Exercise RF-A 21-3 provided unique opportunities to integrate various forces into a joint and multilateral training environment that enabled the participants to take full advantage of the Joint Pacific Alaska Range Complex as they worked together with their joint partners and allies.

Members of the 317th AW trained alongside their C-130J Super Hercules counterparts from the Royal Australian Air Force where they conducted an exchange of tactics, techniques and procedures while improving interoperability.

Throughout the exercise, Airmen simulated conducting air-to-air counter tactics against real-world F-16 Fighting Falcons and honed threat reactions against real-world missiles.

“The key to this exercise was the ability to fly with Royal Australian Air Force aircrew,” said Maj.
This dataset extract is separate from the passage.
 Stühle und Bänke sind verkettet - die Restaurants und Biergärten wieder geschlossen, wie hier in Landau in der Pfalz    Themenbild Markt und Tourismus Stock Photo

Darshan Subramanian, 39th AS weapons officer. “The sharing of tactics, techniques and procedures between the two nations is critical in order to build partnerships with a key ally in the Pacific region.”
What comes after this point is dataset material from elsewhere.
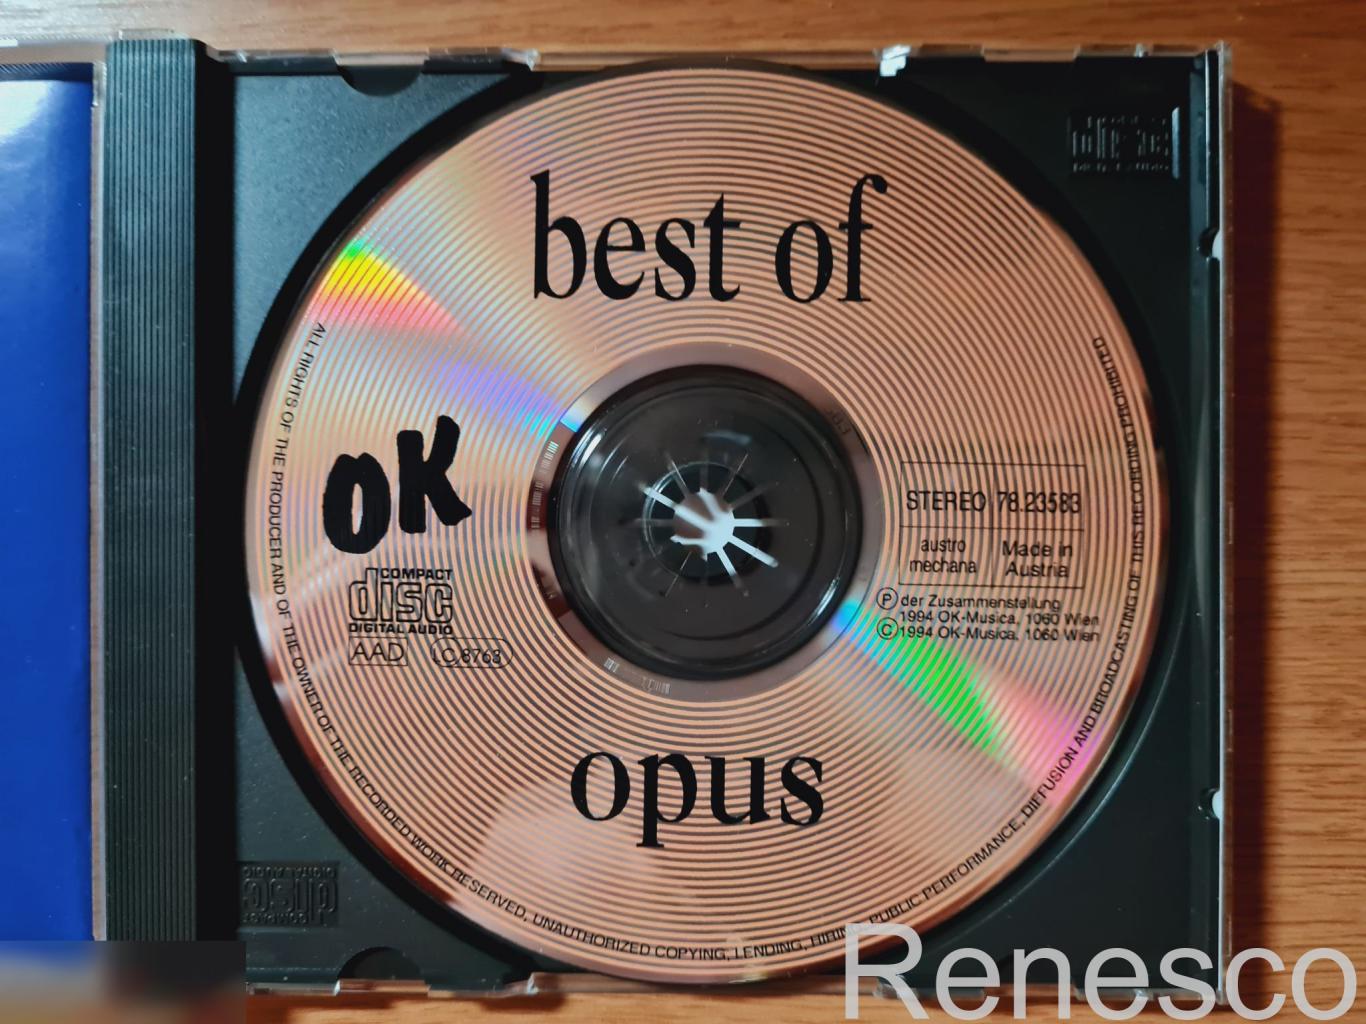 Opus ?– Best Of (Austria) (1994) 4

Another essential part of the exercise was the joint medical evacuation training that utilized the Dyess C-130Js, U.S. Army Alaska’s 1-52D Aviation Battalion UH-60s and combat controllers from the 212th Rescue Squadron.

During this training scenario, simulated patients were transferred from the UH-60s to the C-130Js which provided joint aeromedical evacuation training in an austere environment.

“Aeromedical evacuation is one of Air Mobility Command’s four key missions, this exercise was critical in ensuring combat readiness and protecting vulnerable patients in a combat zone,” Subramanian said. “This training helps our wing expand our full spectrum readiness in preparation for potential near peer conflicts.”

Participating in Red Flag Alaska 21-3 has enabled the 317th AW Airmen to hone and validate their tactics, techniques and procedures to defeat various threat systems in real-world scenarios.

“Red Flag has helped prepare our Airmen for real world scenarios by exposing them to real-world friendly, combat Air Force assets in a training environment,” Subramanian said. “It has also enabled the Airmen understand the amount of time, effort, planning and critical thinking needed to operate in higher threat levels and the value the tactical datalink brings to the C-130J in a higher end fight.”